Гоген начинает с самого начала: «Когда мы вместе жили в Арле, оба безумные, оба в постоянной борьбе за красивый колер, я обожал красный цвет; а где можно было найти идеальную киноварь? Он рисовал на стене своей желтоватой кистью, которая внезапно стала фиолетовой:

Я един в Духе
Я — Святой Дух

«В моей желтой комнате — один маленький натюрморт, тот, фиолетовый. Два огромных изношенных башмака. Это были башмаки Винсента. Те, что он надел в одно прекрасное утро, когда они были еще новыми, чтобы пешком отправиться из Голландии в Бельгию. Молодой проповедник только что закончил свою теологическую учебу, чтобы стать священником, как его отец. Он ушел на шахты к тем, кого называл своими братьями...»

«В противоположность учению своих голландских профессоров, Винсент верил в Иисуса, который любит бедных; и его душа, глубоко пронизанная милосердием, искала утешительных слов и жертвенности для бедным и противостояния богатым. Несомненно, Винсент уже был безумен».

«Винсент уже был безумен», — Гоген повторяет это несколько раз с изрядной иронией: все мы почли бы за честь прикоснуться к такому безумию!

Затем Гоген рассказывает о взрыве в шахте: «Все окрасилось в ярко-желтый цвет, ужасное огненное сияние... Создания, которые выползали в этот момент наверх... в тот день говорили «adieu» жизни, прощались со своими товарищами... Одного из них, страшно изуродованного, с обгоревшим лицом, подобрал Винсент. «Однако», — сказал врач компании, — «этому парню конец, если только не чудо...»

«Винсент, — продолжает Гоген, — верил в чудеса, в материнскую заботу. Этот сумасшедший (он определенно был безумен) сидел, неся вахту в течение сорока дней, у постели умирающего человека. Он упорно не позволял воздуху проникать в его раны и оплачивал лекарства. Священник-утешитель (он определенно был безумен). Пациент заговорил. Безумное усилие вернуло мертвого христианина к жизни».

Шрамы на лице этого человека — он воскрес благодаря чуду заботы — выглядели для Винсента в точности, как шрамы от тернового венца. Винсент говорит: «В присутствии этого человека, который носил на своем челе несколько шрамов, у меня было видение тернового венца, видение воскресшего Христа».

В этот момент, рассказывая Гогену свою историю, Винсент берет кисть и, имея в виду «воскресшего Христа», говорит: «И я, Винсент, я нарисовал его».

Гоген заканчивает: «Он делал набросок своей желтой кистью, которая внезапно стала фиолетовой. Винсент воскликнул:

Я — Святой Дух
Я един в Духе.

Решительно, этот человек был безумен».

У психоанализа, несомненно, нашлись бы какие-то терапевтические интерпретации всего этого. Однако психоаналитические интерпретации, какими относительно верными они бы ни были, сами по себе не затрагивают таких более глубоких «сфер человеческого бессознательного» как экзистенциальная, духовная или надличностная. И, как я уже отмечал ранее, если мы обратимся к школе трансперсональной психологии, чтобы получить более тонкое и всестороннее представление о более глубоких измерениях человеческого осознания, мы найдем убедительное количество доказательств того, что человеческие существа имеют доступ к более высоким или глубоким состояниям сознания, находящимся далеко за пределами обычных эгоических форм — к спектру сознания.

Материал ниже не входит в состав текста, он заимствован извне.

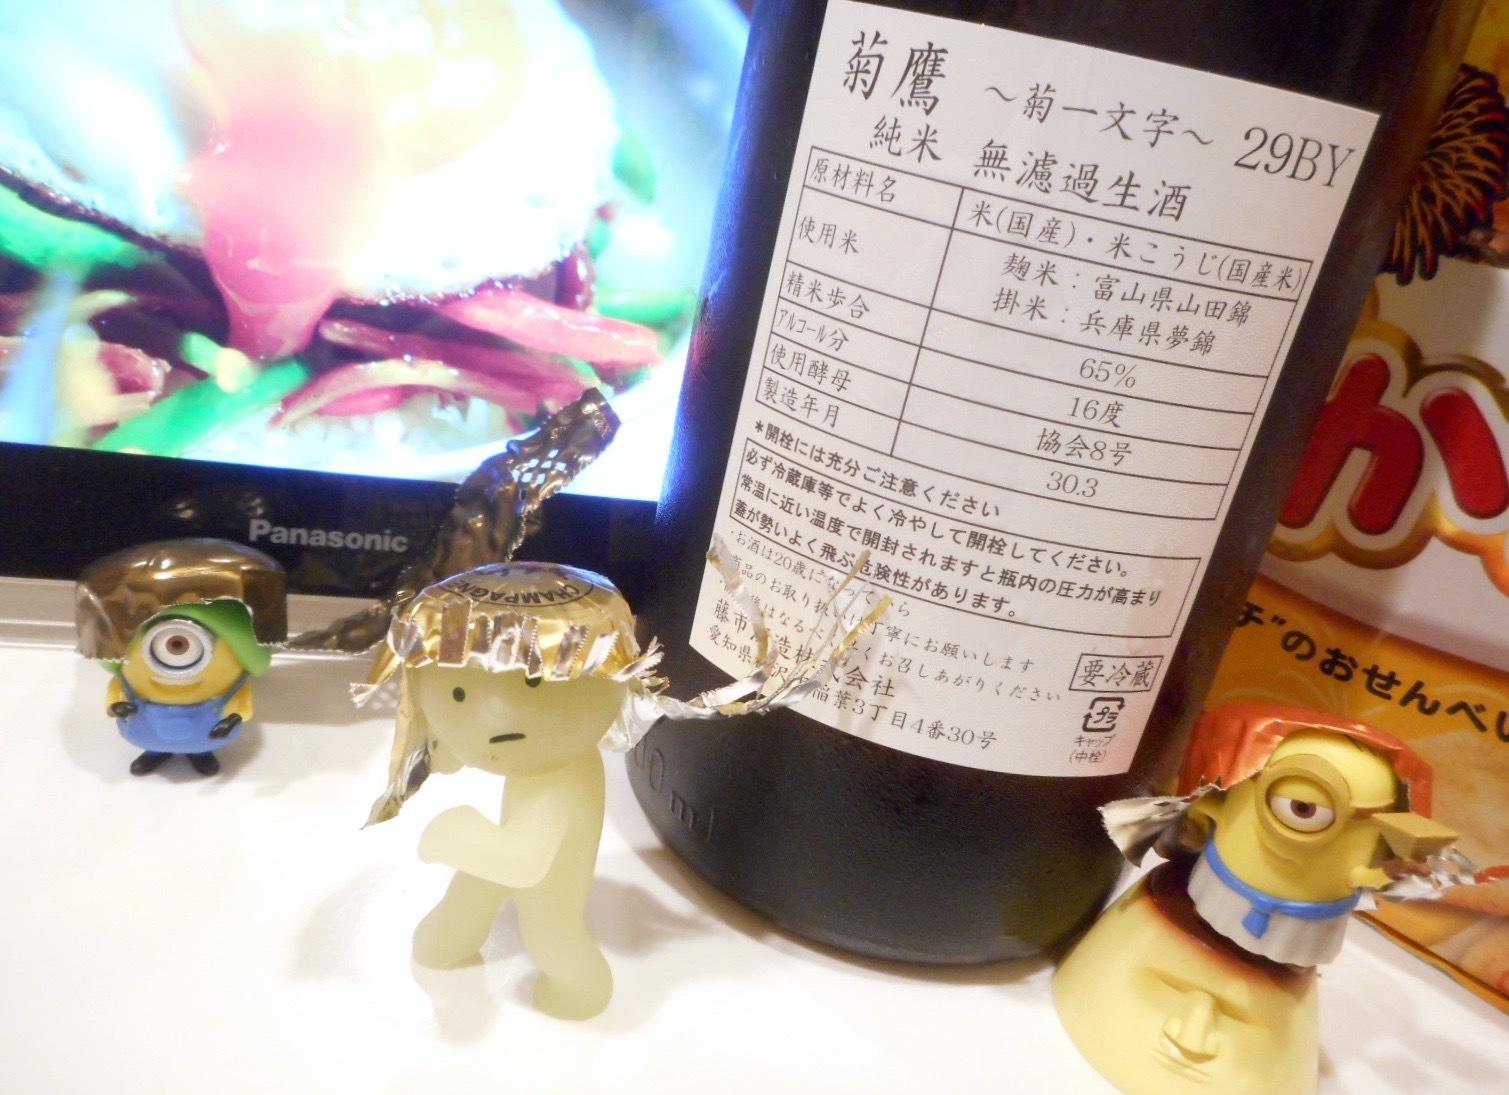 kikutaka8号酵母29by2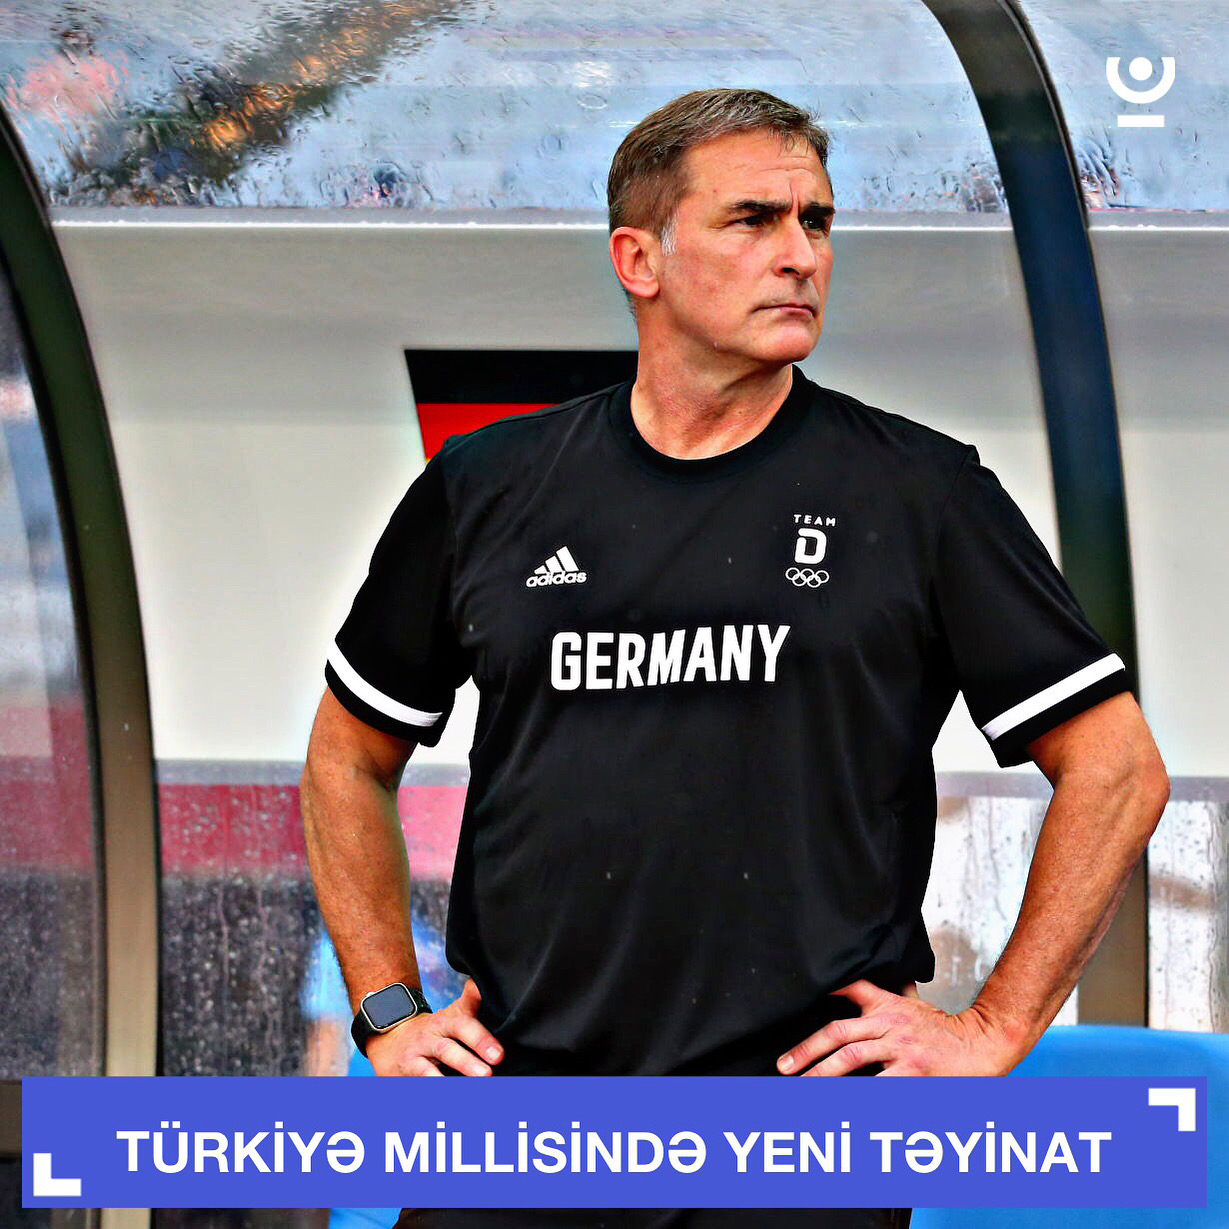 Türkiyənin yeni məşqçisinin adına aydınlıq gəldi

И на верхнем краю спектра сознания — в высших состояниях сознания — разные люди в один голос говорят об осознании бытия единства со всем сущим, тождественности с духом, целостности в духе и т. д. Попытки более поверхностных психологии, таких как психоанализ, объявлять все эти высшие состояния обычной патологией, просто не выдерживают дальнейшей проверки и сопоставления с имеющимися данными. Напротив, вся совокупность межкультурных данных убедительно предполагает, что эти более глубокие или высокие состояния потенциально доступны всем нам, так что «сознание Христа» — духовное осознание и единение — доступно для любого и каждого из нас.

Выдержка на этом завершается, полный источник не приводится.